Remembering the Harvey Family: Sunday's Big Run

I posted about Ruby's Run last week, and tonight I got an email that simply made my week. Maybe my year. It was one of those rare moments when I felt like this website has a purpose larger than I ever anticipated.

November 03, 2007

Remembering the Harvey Family: Ruby's Run

Ruby1103

It's hard to believe that it has almost been two years since I woke to news that Bryan and Kathryn Harvey, along with their two young daughters Stella and Ruby, has been killed in their Richmond home. Out of that loss, and all of the grief that followed, there have been so many new connections and so much positive emotional investment emerge from the Richmod community.

One of the most inspirational examples of that has been Ruby's Run, an event that is more about community and children than it is about the fundraising aspect. Nikole and I went to the first Ruby's Run last November, and were struck mostly by the energy -- hundreds of people gathered to celebrate life, champion community, and remember a family that exemplified creativity for many in Richmond.

I got an email from Sunny Matheson, the race organizer and friend of the Harveys, that describes Ruby's Run prefectly:

Unlike other "runs" in the metro area, it is not a competition, as you saw yourself last Nov. It is an event for all kids - an afternoon of activity, fun, silliness and kids being kids.
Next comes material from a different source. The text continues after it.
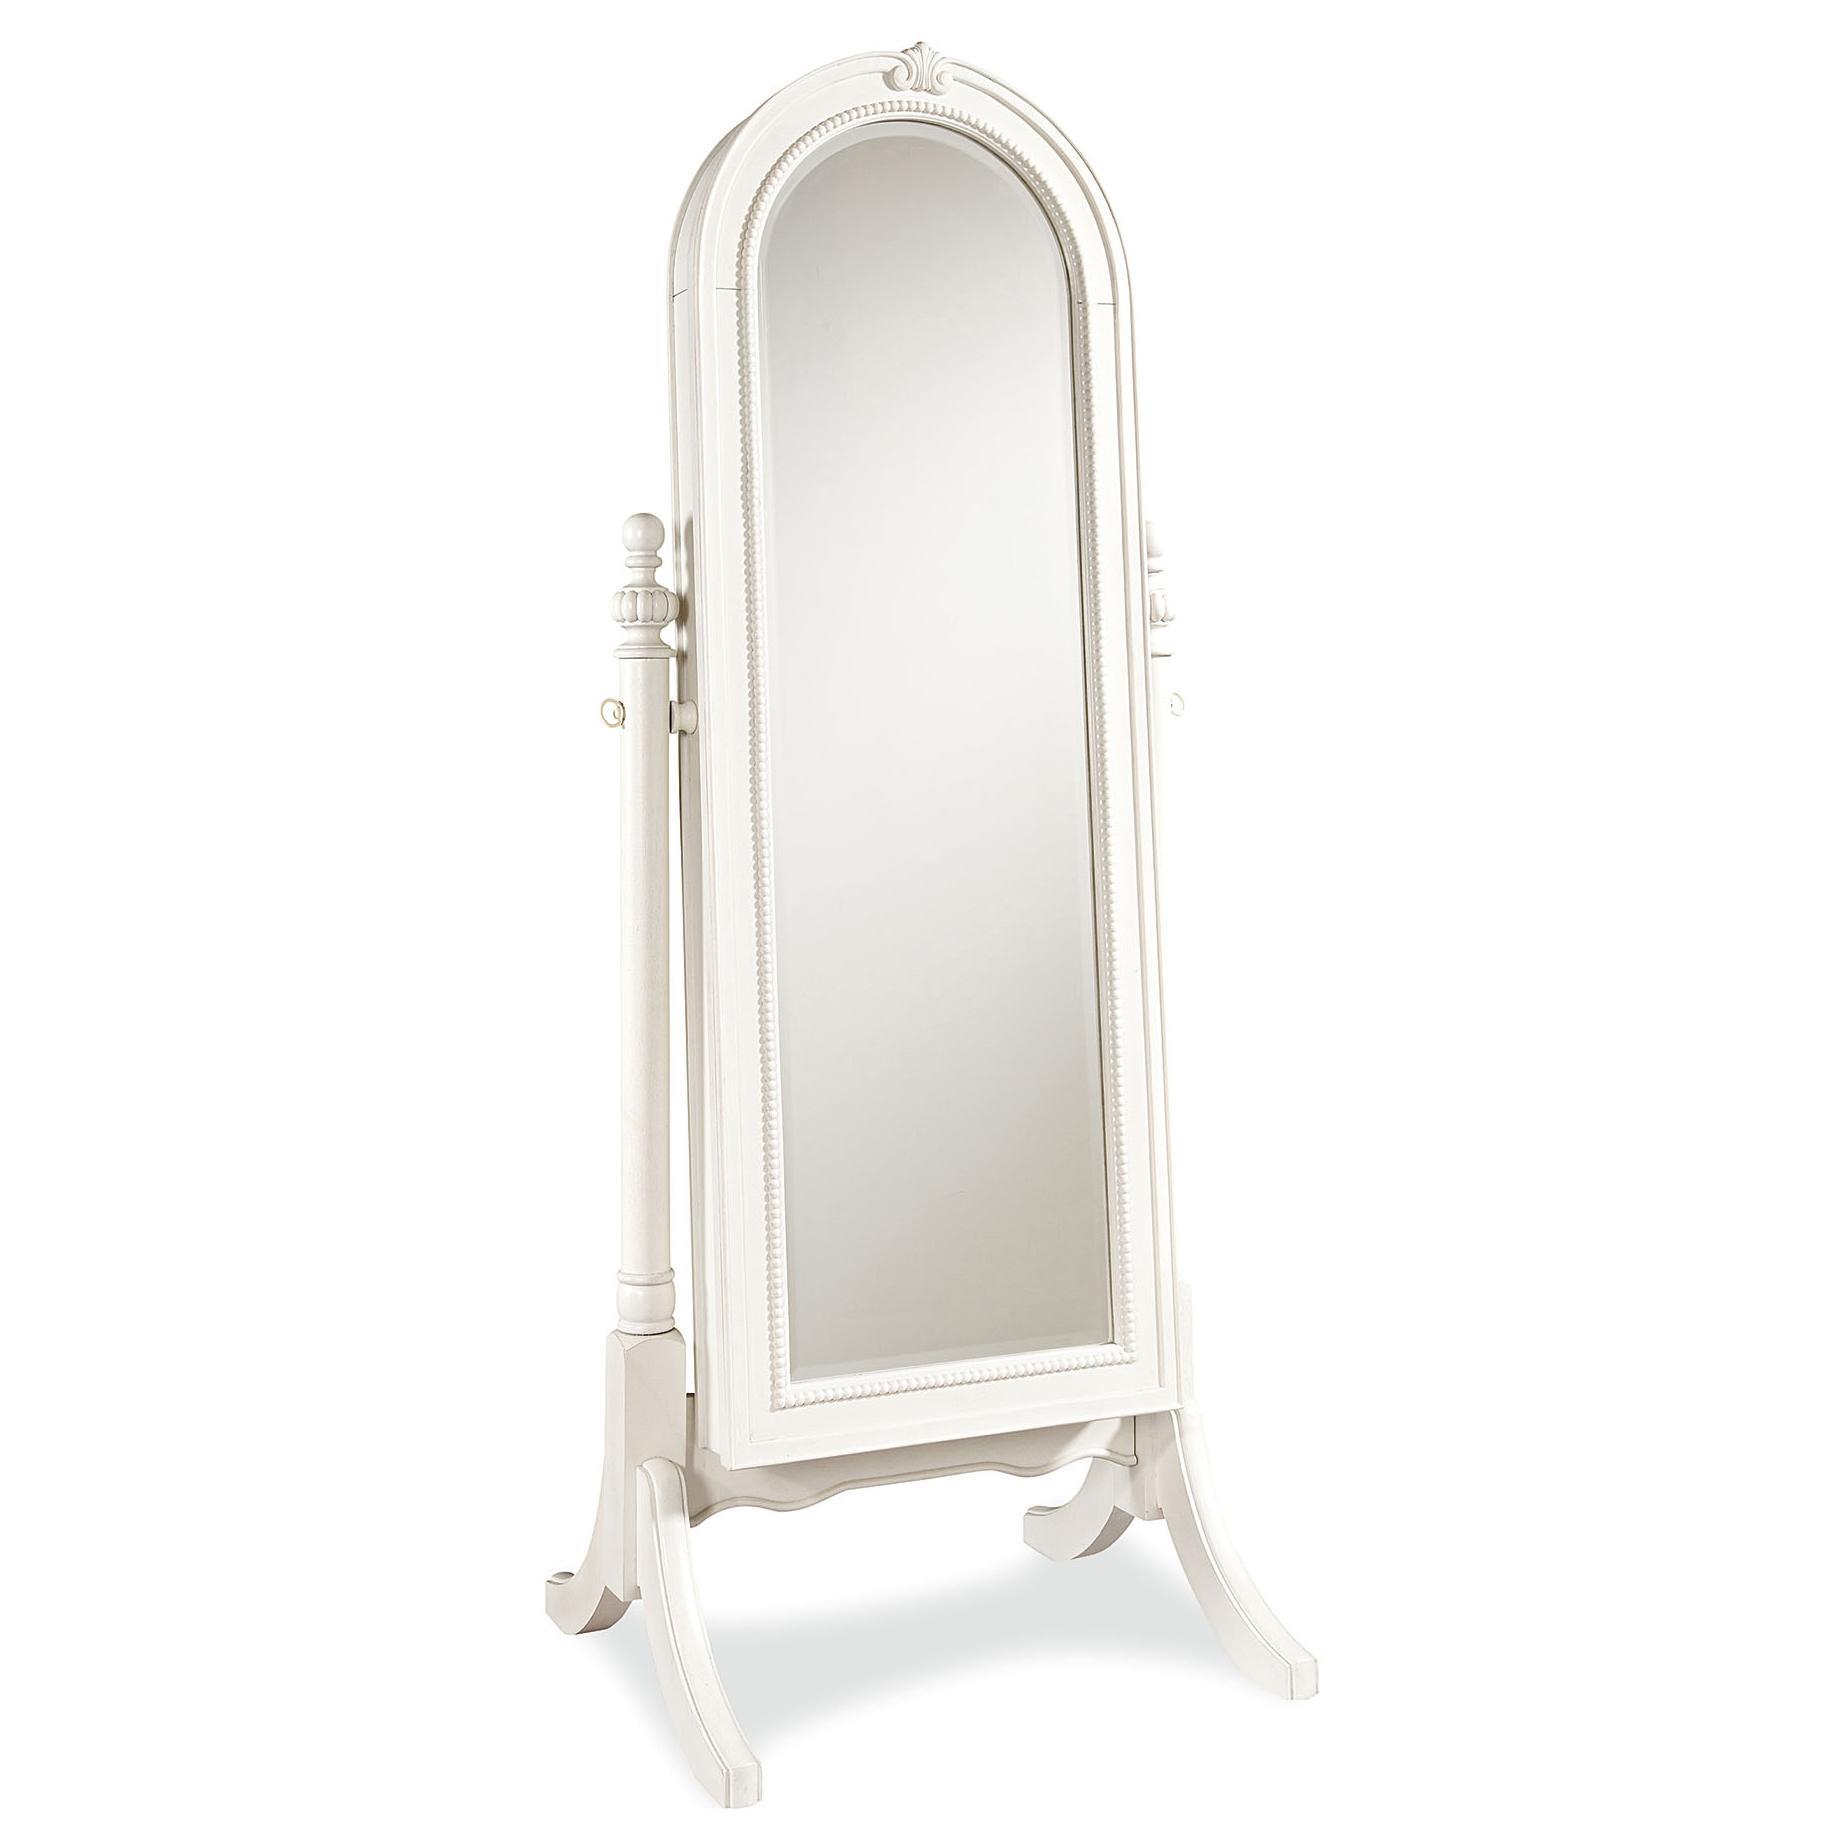 Smartstuff Bellamy Cheval Storage Mirror - Item Number: 330A034

Some of the children have engaged in the pledge-collecting, fundraising aspect, and that's terrific. Community service can't begin too young, and understand that working together in a community can accomplish a lot is an important lesson for a child to learn. But we don't care if a particular child doesn't raise a dime - if they come out, have fun, and help us all remember and honor a sweet little life, then we have indeed reached our goal.

It is the fervent hope of those of us who put together this event, that the rising generation of Richmond kids associate Ruby's name not with the last two hours of her life, but with how she lived, and how much she was loved every day of her life.

The second annual Ruby's Run children's race will be held on Sunday, November 18, on the Carillon grounds by Dogwood Dell. The race is open to all children ages 4 to 14, and pledges and donations will go to a scholarship fund created in Ruby's memory at her preschool, the Second Presbyterian Child Care Center.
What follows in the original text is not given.